The International Energy Agency (IEA) held the UK launch of its Medium-Term Renewable Energy Market Report on Tuesday (15th December), followed by a panel debate featuring speakers from the Committee on Climate Change, Solarcentury and RES. The report analyses progress in adopting renewable energy sources in the electricity, transport and heat sectors; identifies challenges to further deployment; and makes projections through to 2020. Whilst the panel drew attention to some encouraging signs for the renewables industry, there were also repeated calls for policy certainty in order for the industry to continue to grow.
The launch of the report was timely, arriving soon after the conclusion of the COP21 climate talks in Paris. Michael Waldron, Renewable Energy Markets Analyst for the IEA, and Mike Thompson, Head of Carbon Budgets for the Committee on Climate Change, both hailed the deal reached in Paris as a source of optimism for the renewables industry, highlighting the important role renewable energy will play in achieving the COP21 pledges. The COP21 deal wasn’t the only source of optimism, with Seb Berry, Head of Public Affairs at Solarcentury, arguing that the IEA’s prediction of 10GW of UK solar by 2020 is “almost certainly an underestimate,” and stressing the unstoppable march of renewables towards grid parity.
Despite this positivity, the panel was nonetheless united in calling for policy certainty from the UK Government. The IEA report concludes that renewables are affordable but that variability of policies is the number one threat to necessary investment, and the panellists echoed this view.

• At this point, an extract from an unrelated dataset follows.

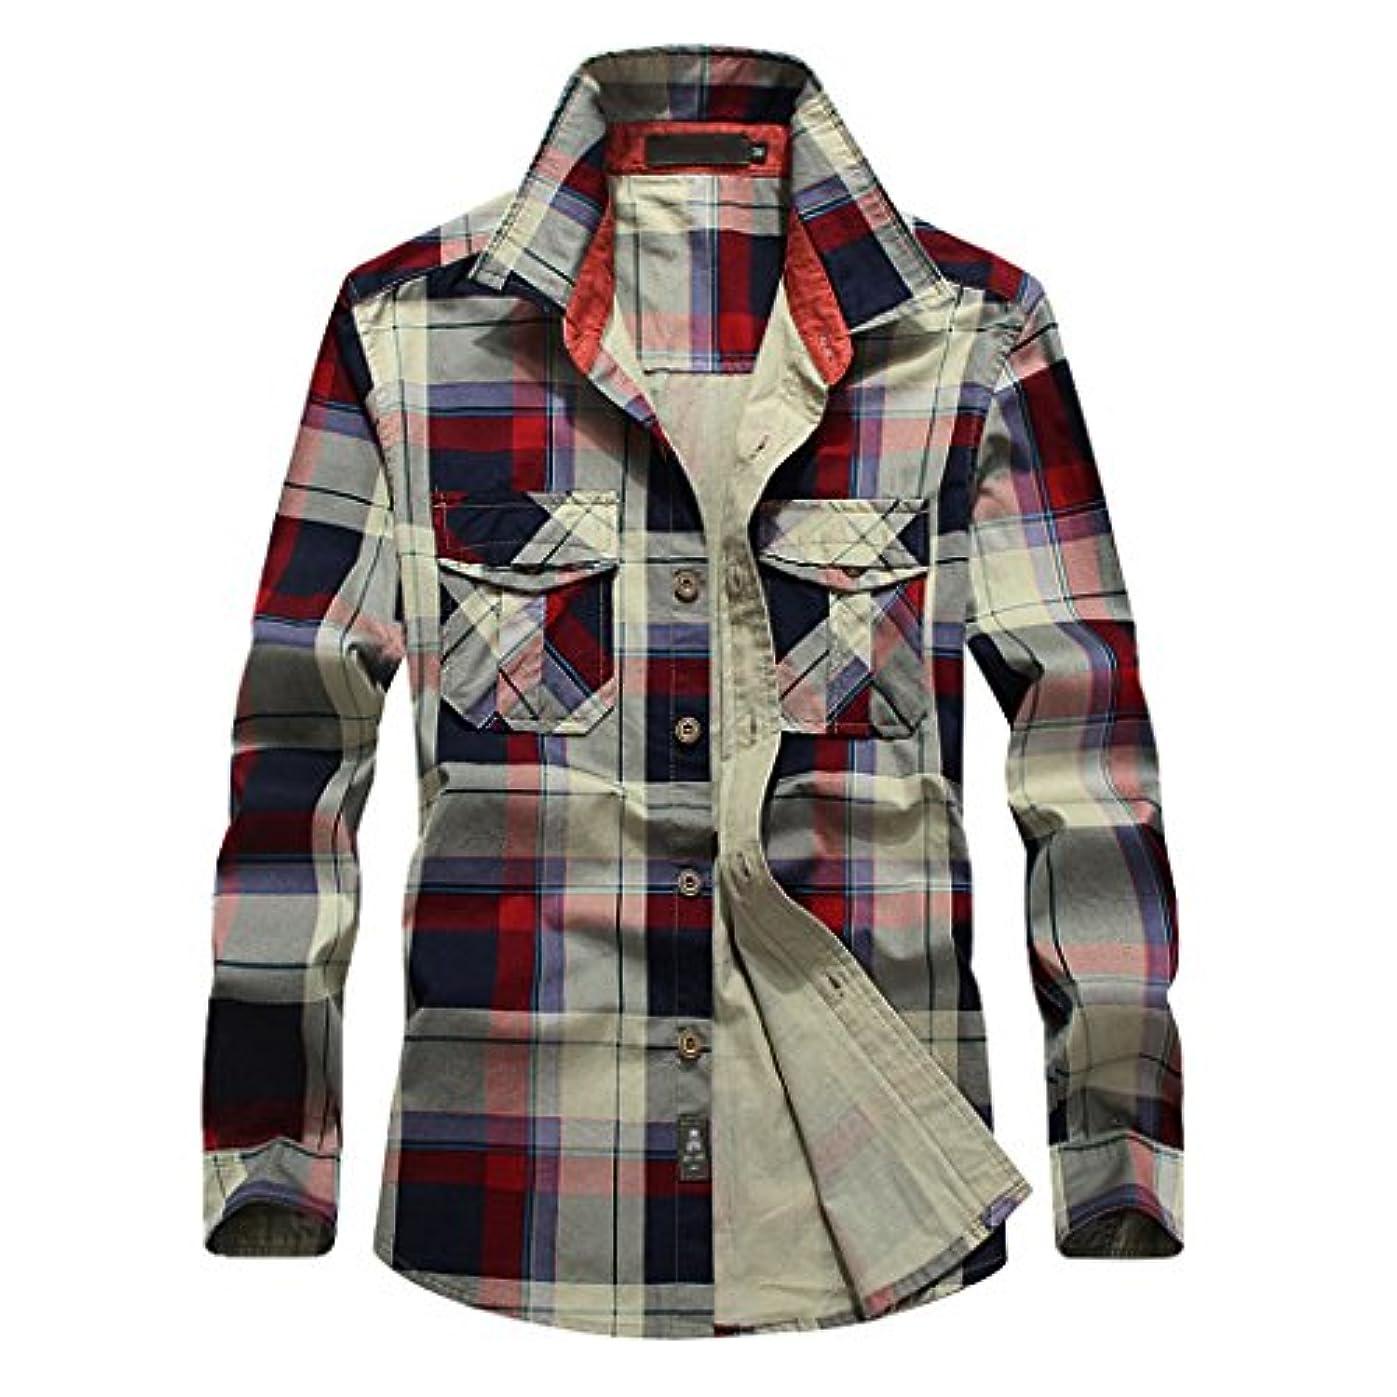 可能性極地分離SemiAugust(セミオーガスト)メンズ チェックシャツ 長袖 ネルシャツ ストレッチ カジュアル シャツ サーフ系 ボタンダウン コットン おしゃれ スリムシャツ トップス アメカジ

Rob Sauven, Group Business Development Director at RES, said that while RES will invest post-COP, investors “need an urgent signal to keep developing in the UK up to 2020.” Berry argued that Government decisions since the election haven’t led to policy uncertainty but a “policy assault,” with policies for solar and onshore wind having been “turned upside down.” He urged a change of course but conceded that “prospects are not looking great” for a softening of the Feed in Tariff (FiT) cuts when the Government responds to the consultation on the changes (expected later this week).
Consequently the key theme of the discussion was frustration at the speed with which renewable energy policy has changed in the UK since the General Election in May. All of the panellists agreed that subsidies for the renewable industry should eventually be cut, but argued that the speed with which they had been withdrawn had created uncertainty in the industry. In order to mobilise the scale of investment in renewables needed to comply with the COP21 deal, the Government must find a way of rectifying that uncertainty – and fast.
Despite the justifiable view among many in the renewables industry that they have been treated unfairly, recent research gives grounds for optimism. A paper prepared by Solar Media’s Finlay Colville shows that an unanticipated consequence of the changes could be to herald a more consistent roll-out of renewables, rather than the peaks-and-troughs we have often seen in the past. These intermittent peaks in demand were caused by companies rushing to deploy before an incentive deadline. However Colville contends that the post-subsidy future will see steady and predictable growth to 2020 of 1GW a year – ending the boom and bust cycles in the industry. This would return the UK to the forefront of renewables in Europe, and should be welcomed by both investors and the government alike. For those renewables companies that survive the removal of subsidies, there may be a small chink of light on the horizon.